Every year, in the summer and fall months, the US east coast and gulf coast face a few tropical storms, as well as many other places. These storms start near the African coast of the Sahara Desert, travel across the Atlantic Ocean, and then make landfall with high wind and rain. Depending on how much moisture they pick up and where the landfall happens can determine how much damage they cause. With each storm, there comes a bevy of forecasts put out by different computer models. These forecasts begin about 10 days out and change as the storm gets closer and closer. This blog tries to extract some learnings from this process of forecasting. To explain the points, I am using screenshots from different hurricanes in the past.

Different methods lead to different forecasts

As one can see in the pictures (Source) below, there are a number of lines that show the forecast as generated by different models. (Hurricane Irma which made landfall in Southern Florida at 1 pm on the 10th of September 2017.) The first forecast is from the 2nd of September, and the second forecast is from the 6th of September. The different colored lines represent different forecasts as generated by a different computer or human models. The different models do not agree with each other, and the band of projection gets wider as one moves further away from the current location of the storm.

hurricane-forecasting-lessons

Forecasting lesson 1:

Almost all forecasts are precisely wrong, though many are correct enough to be useful. Try and find the ones that are correct and useful for your business.

Forecasting lesson 2:

Use the right model(s).

Forecasting lesson 3:

Consensus from different independent forecasts can be useful.
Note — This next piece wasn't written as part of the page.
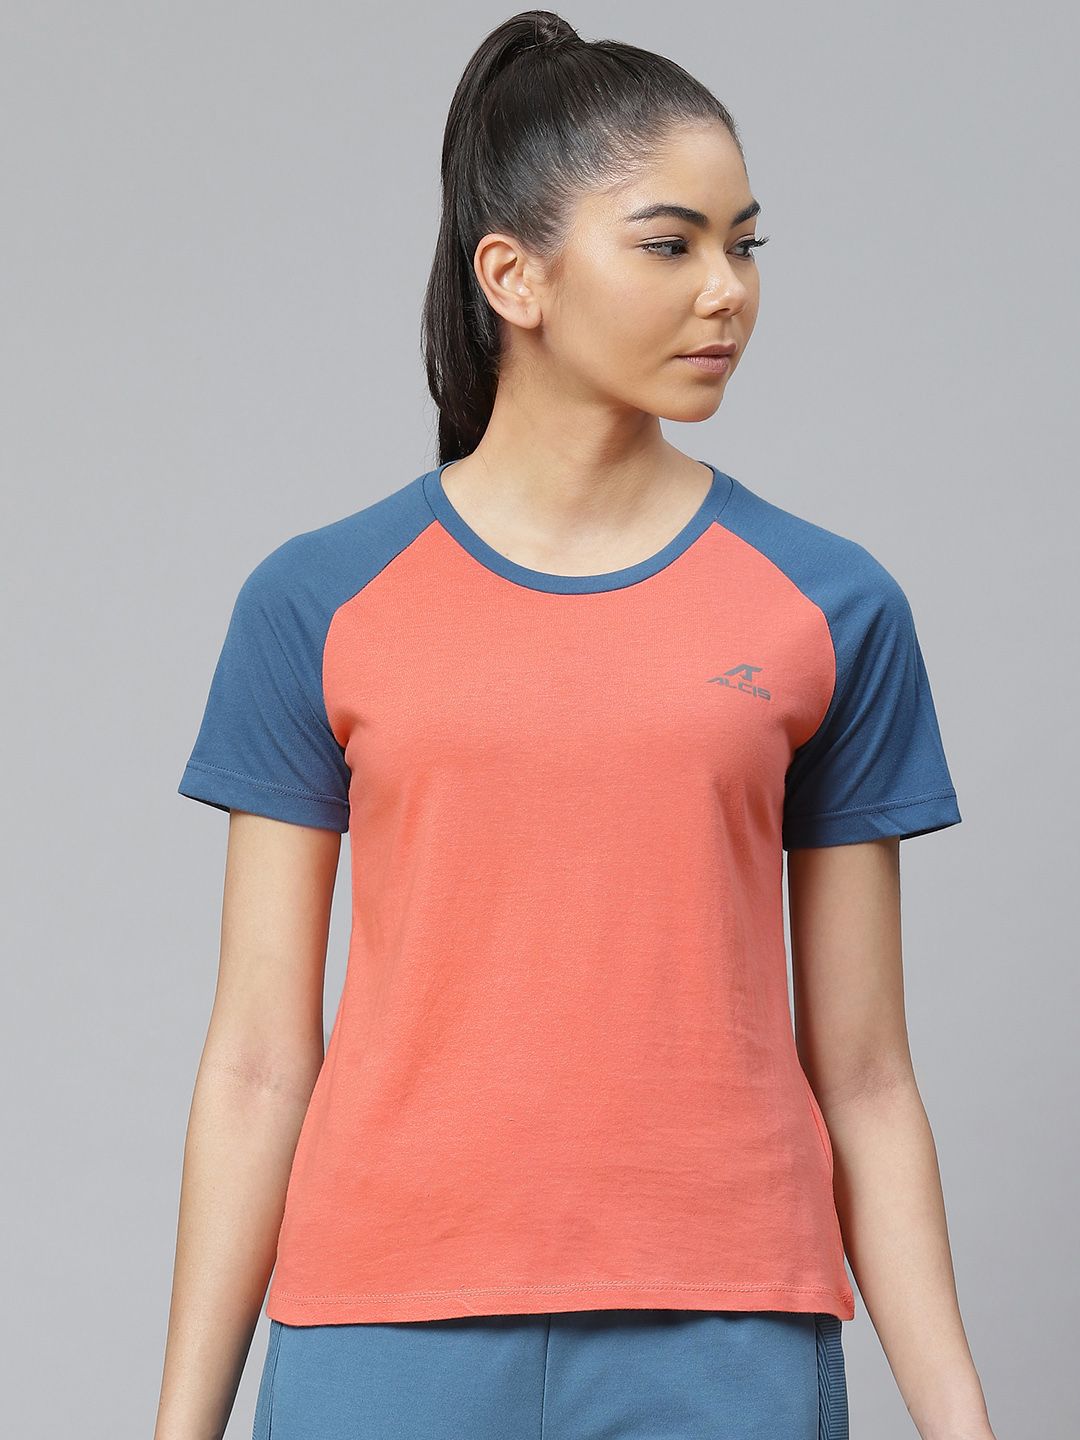 Alcis Women Pink Solid Slim Fit Round Neck T-shirt Price in India

Click the link to see consensus forecasts describing the different forecast methods. You might consider combining forecasts from independent sources by using simple or weighted averages.

Read More: Selecting the Appropriate Forecasting Method

Forecasting lesson 4:

Sometimes, there is no substitute for walking outside and seeing the conditions for yourself. Consensus should not be limited to the computer models and can include forecaster (human) input. Ensure you are encouraging people with ‘ears on the ground’ to provide input into your forecasting process.

Forecast improves with more up to date data: As more data comes in (and as the eye of the storm gets closer to land), the models become better, though by no means perfect, in predicting where the landfall will occur. The pictures below (Source) are from Hurricane Katrina, which made landfall on the Gulf Coast on August 29, 2005. It is worth noting how the band narrows from August 24 to August 28.

Forecasting lesson 5:

Forecasts further out in time are less reliable than forecasts in the near future. Be aware of the prediction interval or the ‘cone of uncertainty’ related to your forecast. Be very clear about when the forecast is plan-worthy and when it is execution worthy.

Learn More: Top Forecast Accuracy Dashboard KPIs to Track On-Demand Webinar

Forecasting lesson 6:

A forecaster should not saddle themselves with the previous forecast. As new and better information comes in, one should be ruthless in discarding the old forecast and moving on to the newer, hopefully, better forecast.

Leadtime matters: For the person who finds themselves in the projected path of the hurricane, a key decision is when to move to a safer area. Given the changing forecast, it is quite natural to delay this move till the last possible moment. While this is OK to some degree, there comes a point of no return, after which the evacuation is not entirely possible. At that point, the only option is to ride out the storm. So, it is important to know the time by which you should decide to evacuate or stay put.

Forecast Lesson 7:

Know which forecast to hang your hat on. If you are getting material from China, and that has a 3-month lead time, there is no point in waiting for the very accurate forecast the month before as it is too late by then to get the product from China in time for the delivery to the customer.

Plan for Scenarios: Since there is a chance for the storm to go in places where it was previously not forecasted to go (within some limits of course), it would be advisable to plan and prepare for a possible impact as a just in case. In the worst case, there will be some extra supplies to work with over the next few weeks.

Read More: 6 Ways You Can Improve Forecast Accuracy with Demand Sensing

Forecast Lesson 8:

Understand that the future is uncertain, and all forecasts can have varying degrees of error in them. Plan for different eventualities by doing what-if scenarios as part of your planning process.

In summary, there is a lot to be learned about business forecasting from the field of weather forecasting. And perhaps the biggest lesson is that the forecast is often wrong, even when multi-million dollars’ worth of computer systems are at work. So do not lose hope and keep up the good work.